The first who drew special attention to Obolon was the Ukrainian historian Volodymyr Antonovych, who got 200 bronze Roman coins there in 1876, which were dated the second half of 3rd - the first half of 4th centuries. Then he suggested that there was a settlement in Obolon, whose inhabitants conducted exchange with antiquity cities of the Northern Black Sea. Further Obolon was explored in particular by Turvont Kybalchych, Mykola Biliashivsky, Oleksandr Ertel, A. A. Piantkovsky, Valeria Kozlovska and Petro Kurinny.

Before the Kievan Rus epoch it was a territory of Eastern Polans. The Veles worship place was there at the pagan times.

At the time of Kievan Rus and the Grand Duchy of Lithuania the land belonged to the Principality of Kyiv. Obolon often became a place of battles with nomads and during princely feuds.

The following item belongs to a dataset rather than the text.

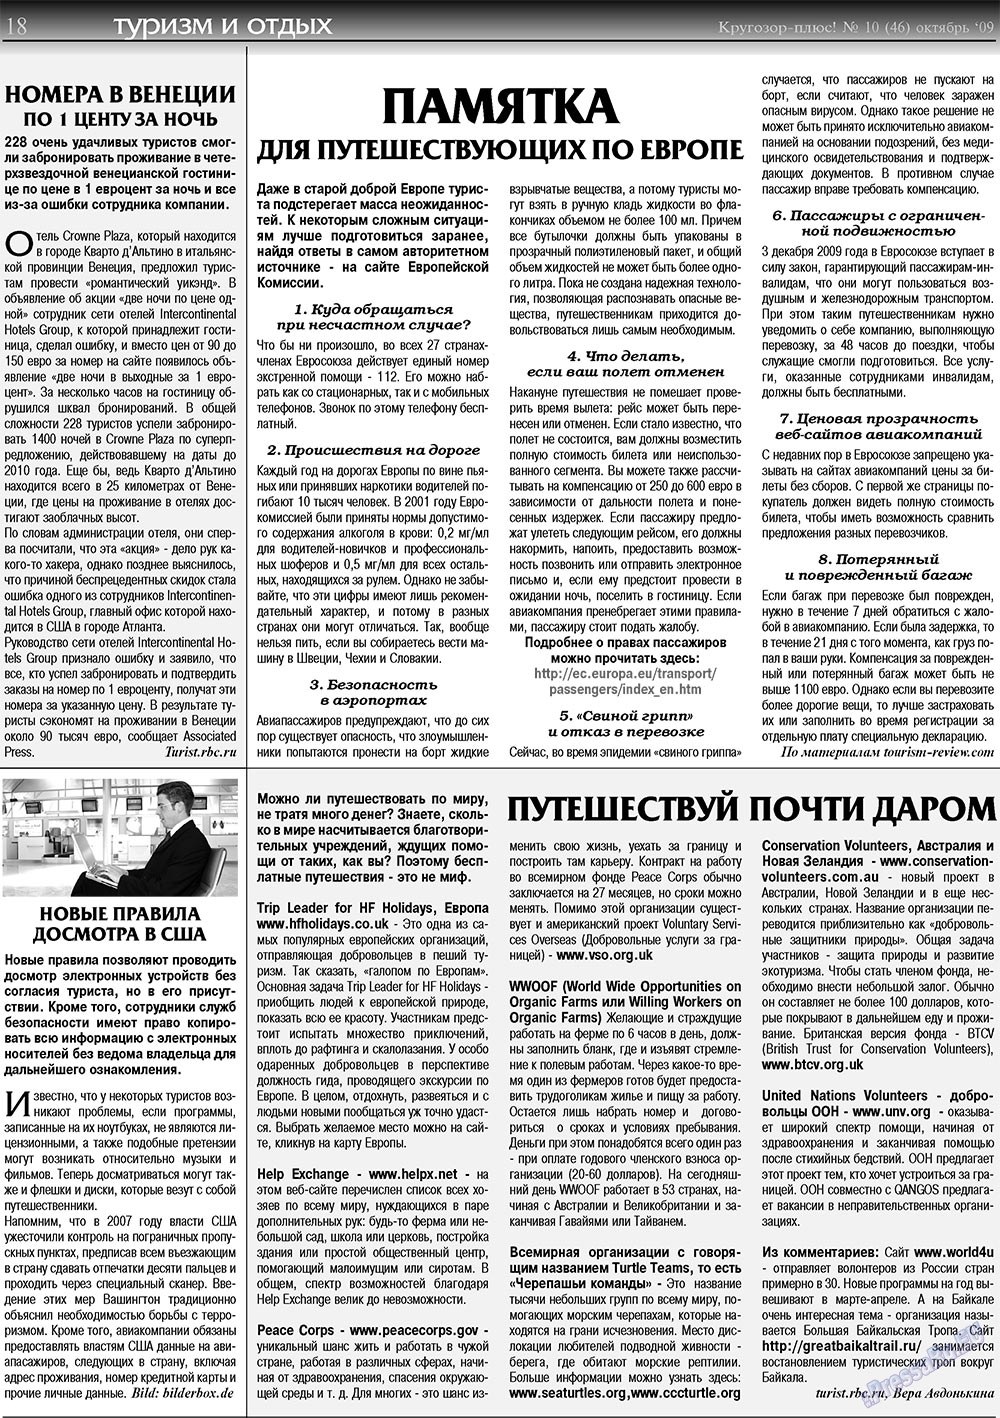 Кругозор плюс! (газета). 2009 год, номер 10, стр. 18

After the Union of Lublin this territory was a part of the Kyiv Voivodeship of the Crown of the Kingdom of Poland of the Polish–Lithuanian Commonwealth.

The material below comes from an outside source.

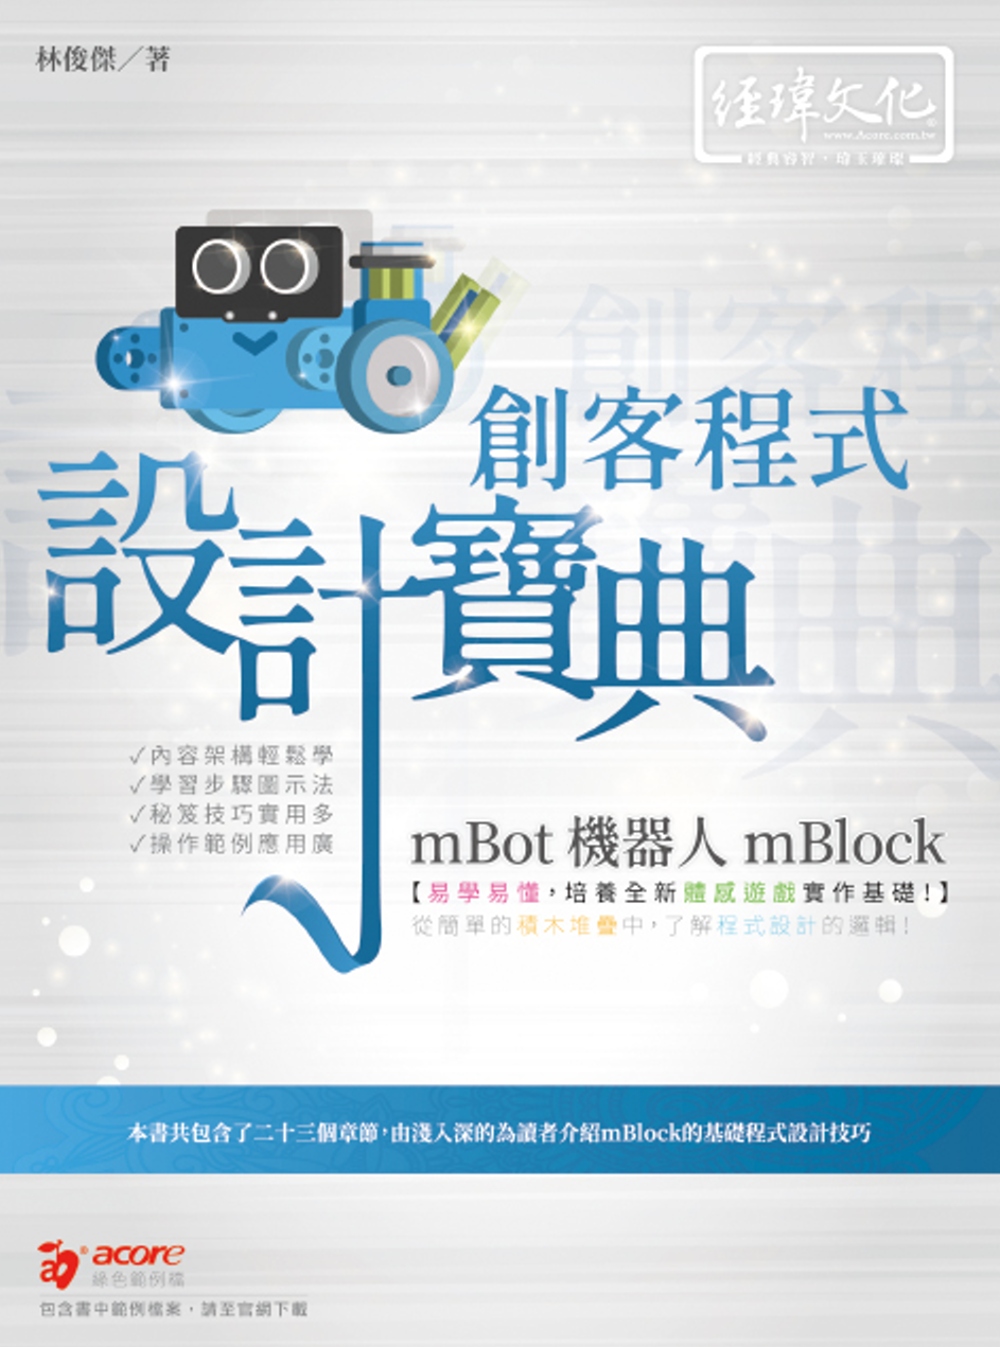 mBot 機器人 mBlock 創客程式設計寶典

At the time of the Cossack Hetmanate, Obolon belonged to the Kyiv Regiment. Obolon's pasture and haymakings were often an object of arguments between Cossacks, the city magistrate, monasteries and the garrison of Tsardom of Muscovy in Kyiv.

During the Russo-Turkish Wars, palisades were being built there.

In 1911 the Kurenivka civil aerodrome was opened on Obolon fields.

=== Soviet era ===
As a result of the Ukrainian–Soviet War (1917–1921) and the Polish–Soviet War (1919–1921) Kyiv City and its suburbs was finally captured by the Red Army.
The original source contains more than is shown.